Energy firms should cut household prices if the trend of falling wholesale costs continues, a leading market analyst says.

The price power firms pay for gas, known as the wholesale price, hit a new low for 2011 on Friday, while electricity prices sunk to their lowest point of the year two days earlier due to the turmoil in world markets (see the Energy price slump MSE News story).

Key Points

  • Wholesale prices falling
  • Could mean future household price drops
  • But others predict future hikes

That news came on the same day Eon become the fourth of the big six UK energy firms to announce a rise in consumer prices due to what had been rising wholesale costs for much of the year.

British Gas, Scottish & Southern Energy (SSE) and Scottish Power have all either raised or announced a future rise in costs, with EDF and Npower expected to follow.

SSE has also made a commitment not to implement another increase before August 2012, perhaps indicating a softening in prices.

Andrew Horstead, from energy analyst firm Utilyx, says if the current trend continues, the "logical conclusion" is firms must lower household costs.

He points out that energy firms buy power in advance so the recent falls are irrelevant to current prices, though they may mean cuts in a few months.

However, other experts expect price rises so the view is not universal.

We rounded up the views of four leading energy commentators to get their predictions of prices for the year ahead to help you plan what to do about your bills. Here they are below:

Andrew Horstead, research manager at Utilyx:

"Wholesale prices have risen over the past 6-9 months but plateaued in April/May and that trend has generally continued since, though gas prices are down 15% since mid-June as demand remains weak and supplies healthy.

"Developments in the eurozone and across the Atlantic in the US in recent weeks look like undermining the economic recovery. If prices continue to drop it is going to be a difficult PR pill for energy firms to swallow if the world moves into a continued economic slowdown.

"Barclays Capital lowered its oil demand forecast this week.

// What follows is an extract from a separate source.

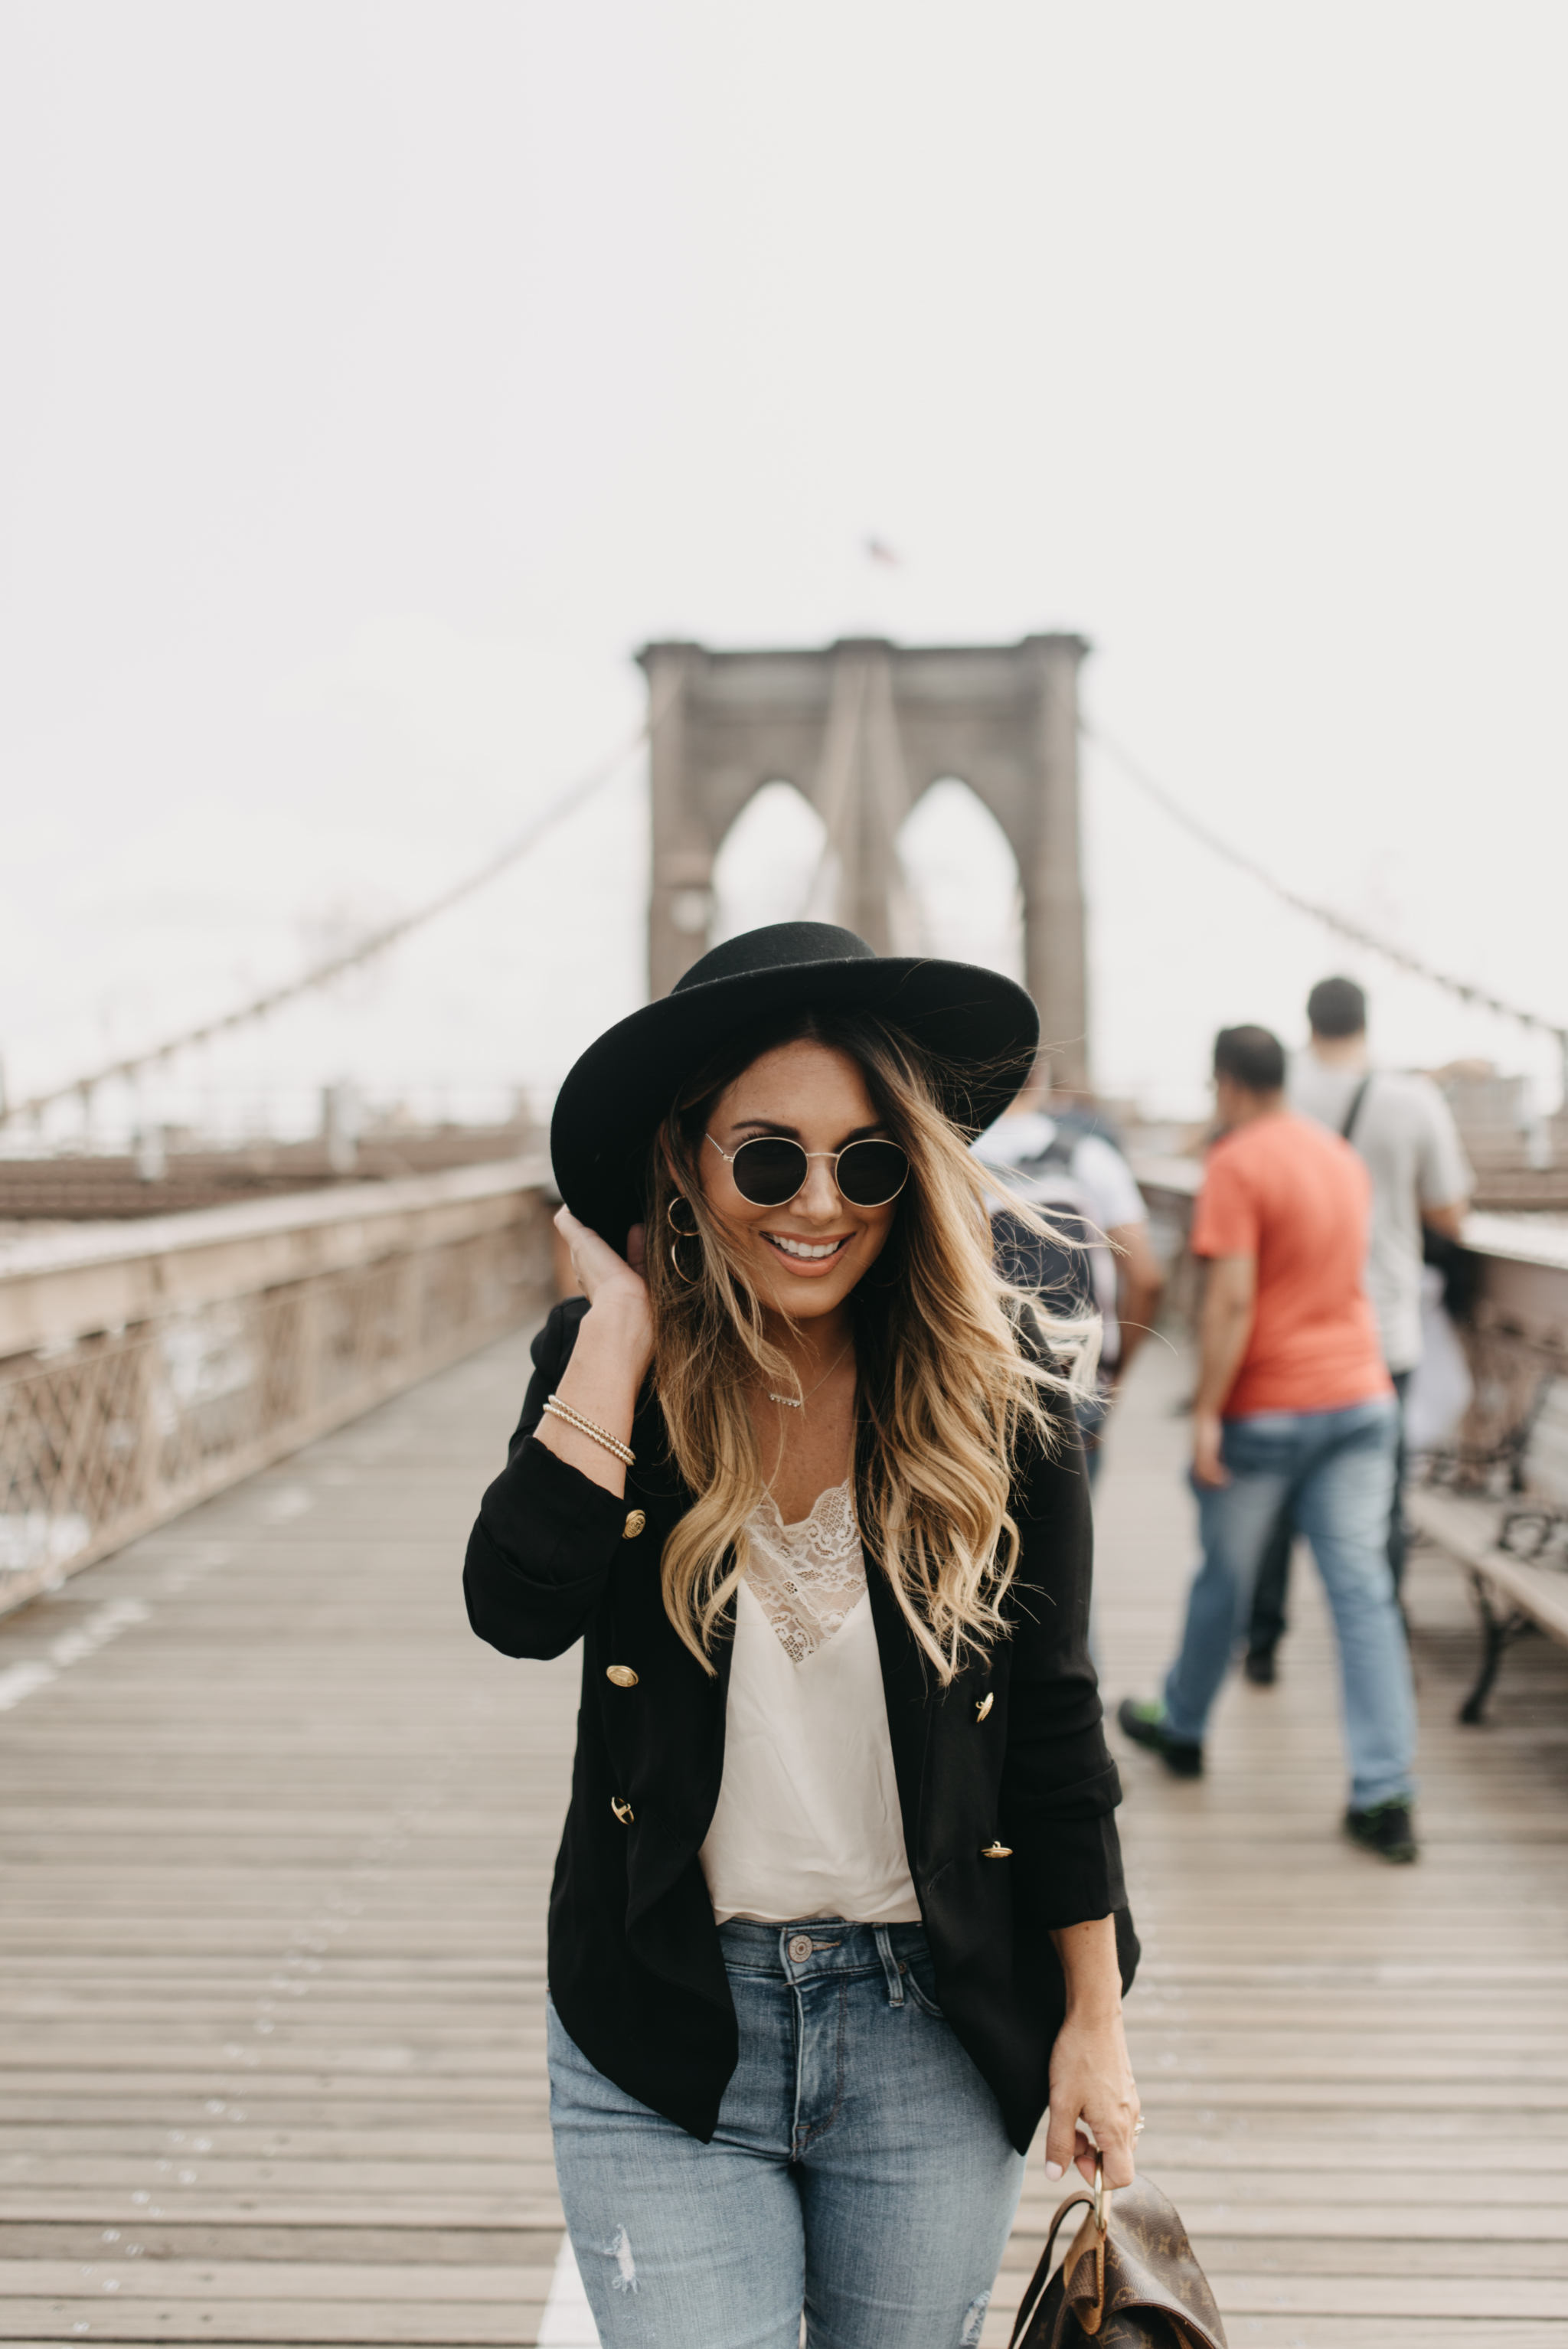 THE BEST BOATER HAT FOR UNDER $35. TRENDY YET AFFORDABLE HATS AT ASOS.

Oil hit $104 on Friday, down over 10% on the previous week, and we are seeing a similar response to UK gas and power prices. With the economic outlook looking far from rosy, we would expect commodity prices to remain under pressure.

"A sustained move lower would make it difficult to argue for energy costs to rise for households. If the economists are correct and this trend continues over the next six months then price reductions are the logical consequence."

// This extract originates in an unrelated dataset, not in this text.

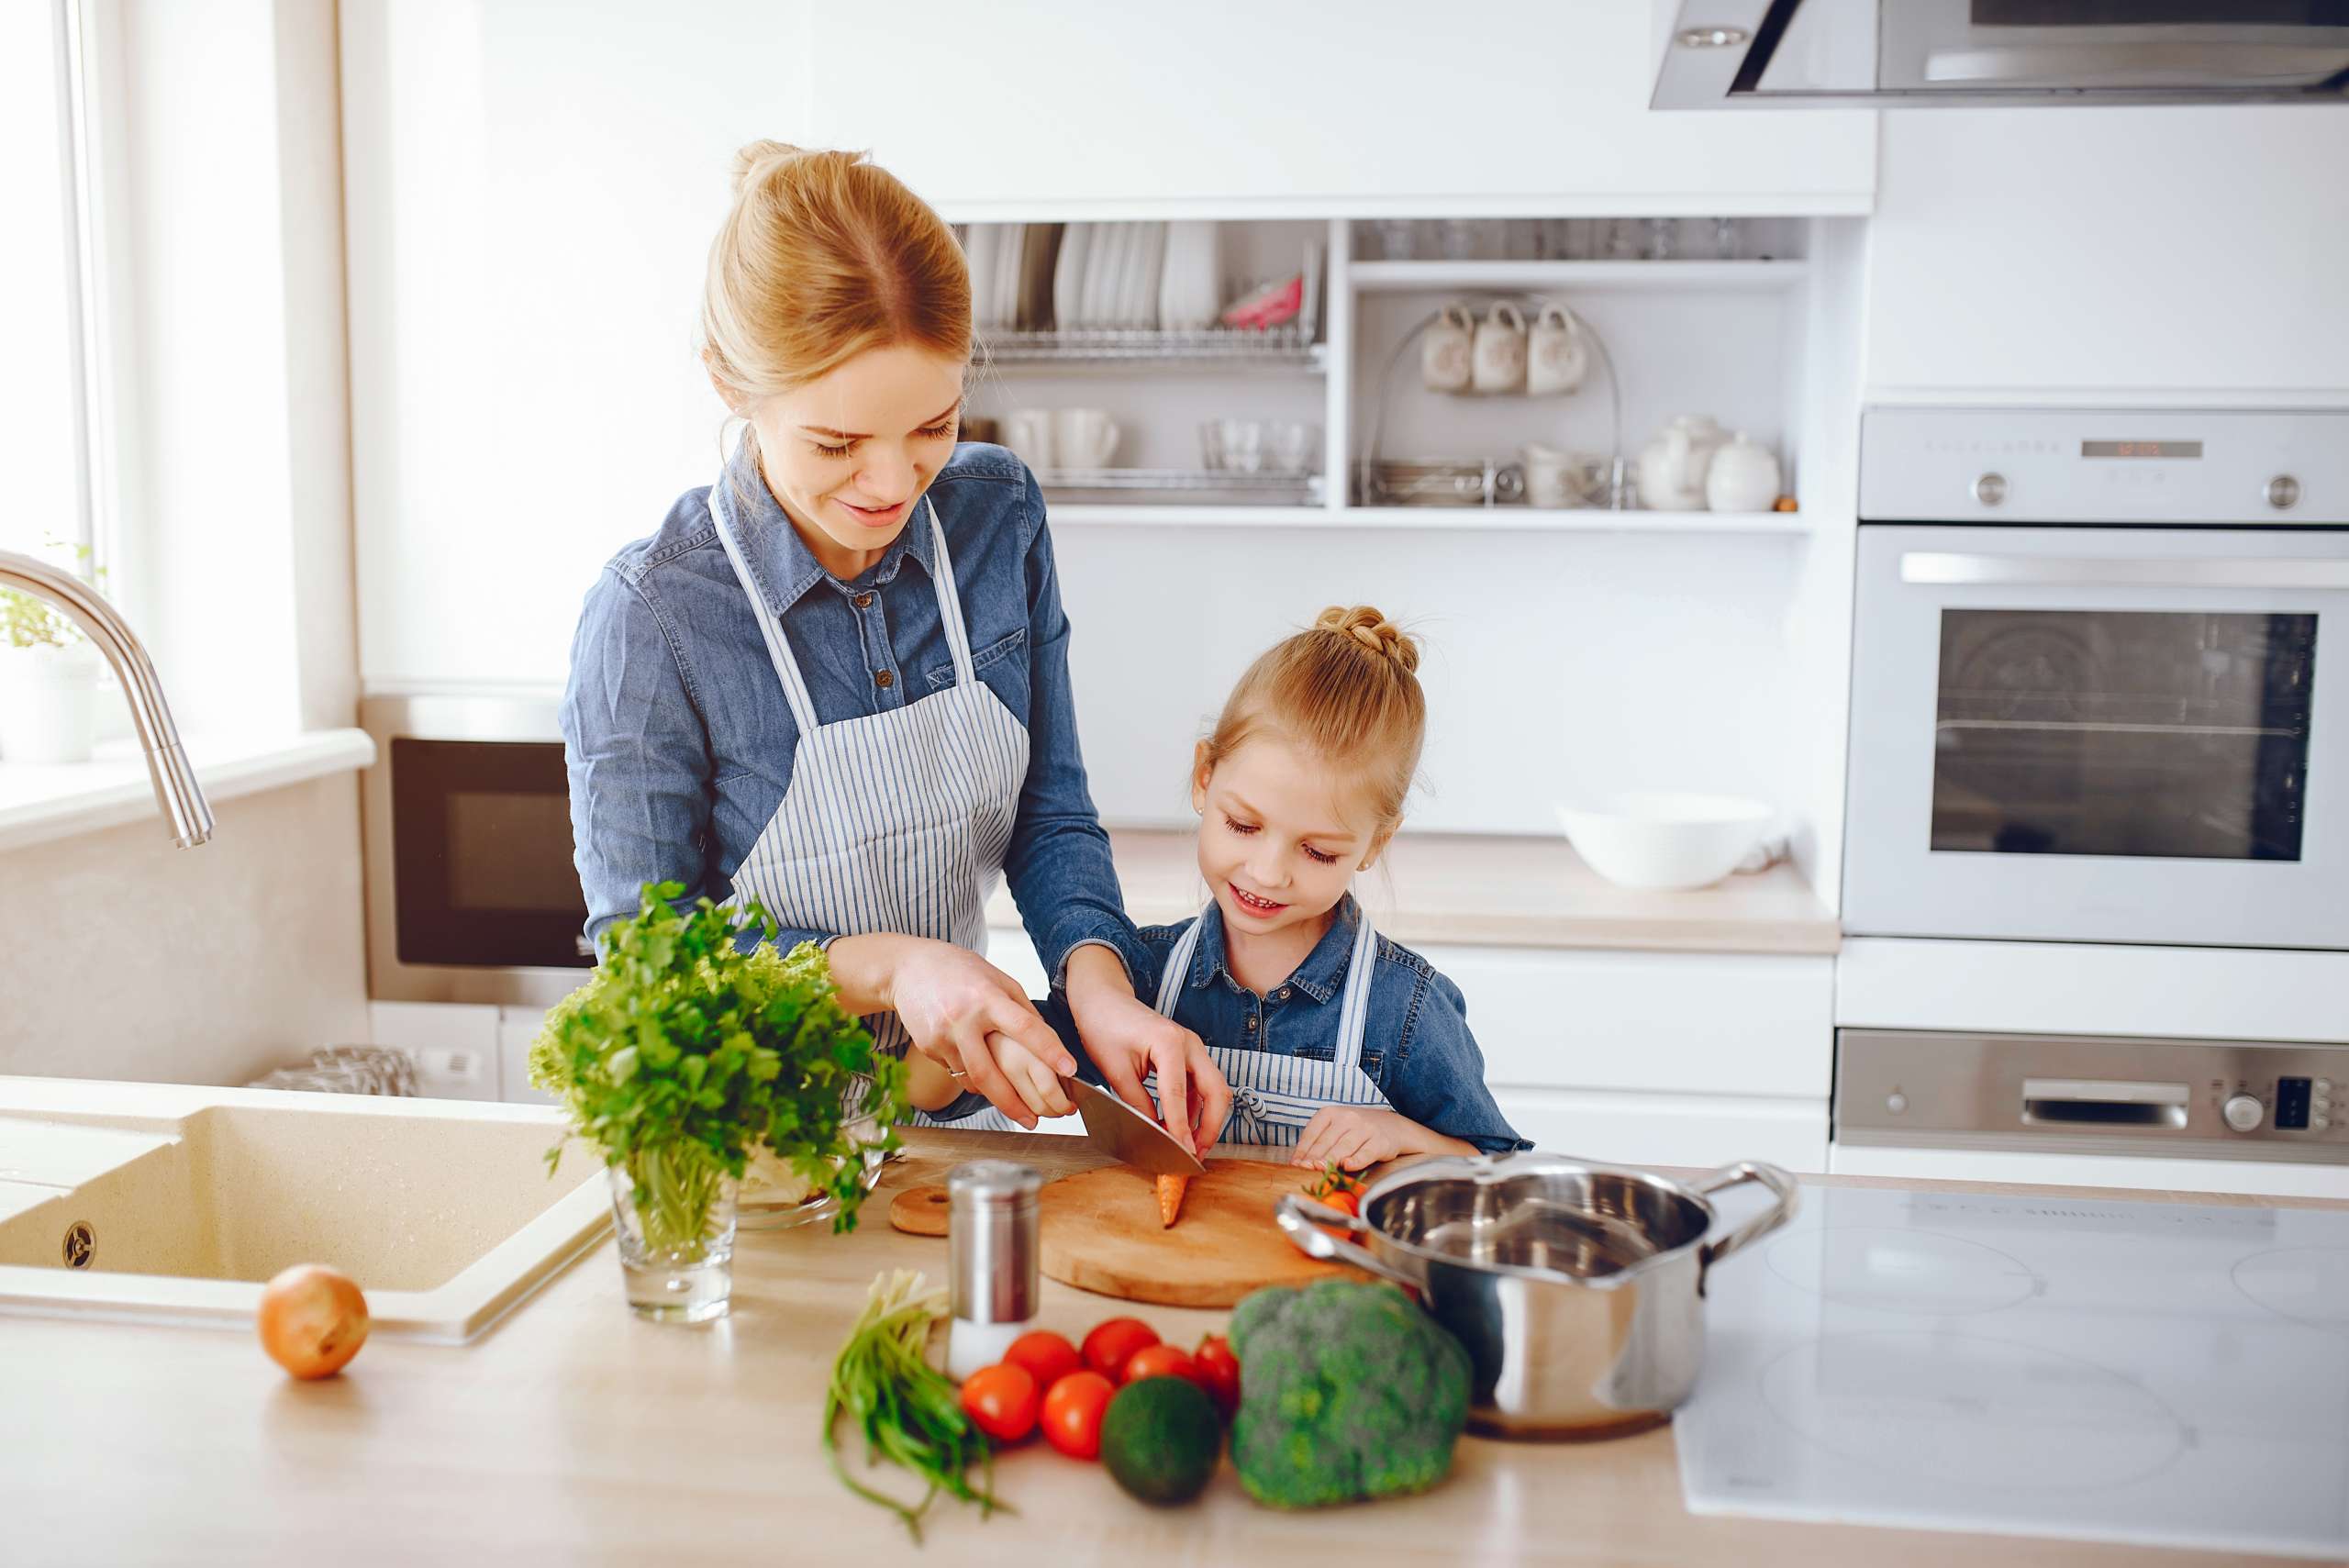 How to motivate your child to eat healthy?

Mark Todd, director of price comparison site Energyhelpline.com:

"There’s a chance of price drops next year but also rises, it is just too early to tell.

"The only thing we can guarantee this year is that we will see big price rises and over the long term bills will rise. By 2020, bills are likely to be £2,000 a year or more [currently, they're around £1,200]."

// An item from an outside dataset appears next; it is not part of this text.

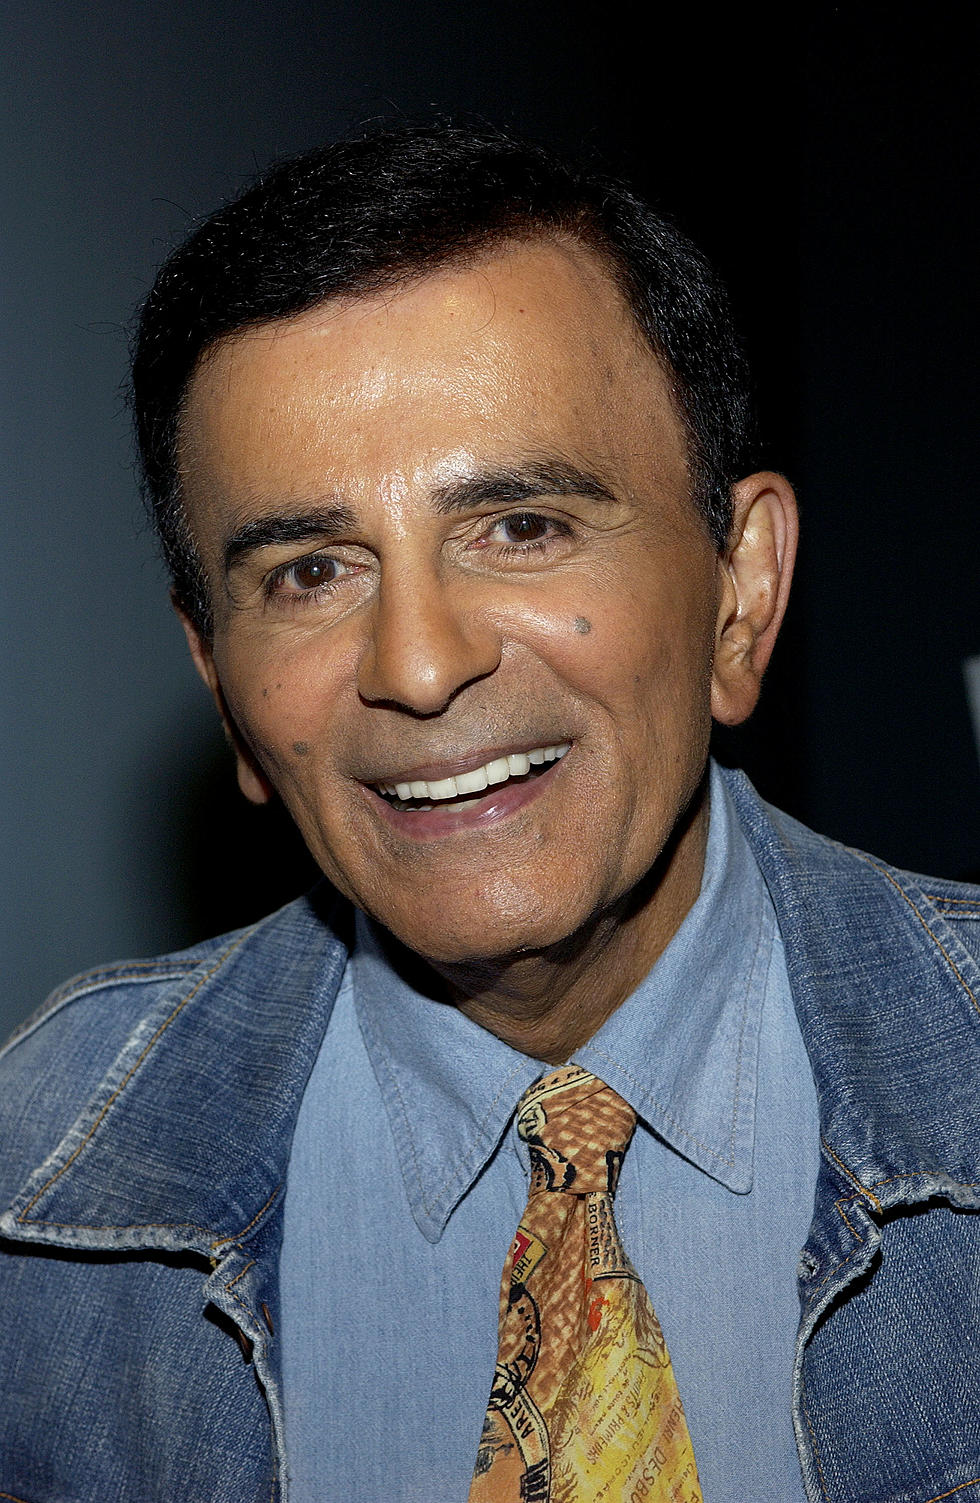 Casey Kasem – My Thoughts On A Radio Icon

Phil Paterson-Fox, from price comparison site Gocompare.com:

"With energy suppliers continuing to invest in cleaner and greener ways to provide gas and electricity, and with wholesale energy costs fluctuating, it's unlikely British consumers will see any significant price reductions during the next 12 months.

"But while energy companies, like all businesses, are affected by things beyond their control that could justify price increases, these should be justifiable and reasonable. Ofgem, the regulator, needs to investigate whether these price hikes are always fair in order to address the growing concerns of cash-strapped consumers.

"Price increases looks set to continue, so people need to know how they can get the best possible deal on their gas and electricity."

Scott Byrom, from price comparison site Moneysupermarket.com:

"Ultimately, energy prices are going to continue to increase. With greater pressures from government on reducing carbon emissions, suppliers have to acquire energy from costly renewable sources such as wind, and overall, the UK will have to import more gas from the Continent.

"It's inevitable UK consumers will be paying more for their household energy in the future. Looking specifically at the next 12-months, this doesn't change.

"The "cheaper" energy bought by energy suppliers in 2009/2010 is running out and is being replaced with energy that is costing approximately 30% to 40% more. As a result, while it's likely the recent price changes will be enough to see us through the winter, it's possible we may see further price hikes in early 2012 if current market conditions continue.

"Due to the inevitable upward movement of energy prices, consumers can't go wrong with locking in to a fixed tariff to protect themselves against future hikes. Additionally, consumers need to do everything they can to reduce their usage and ensure they are as energy efficient as possible."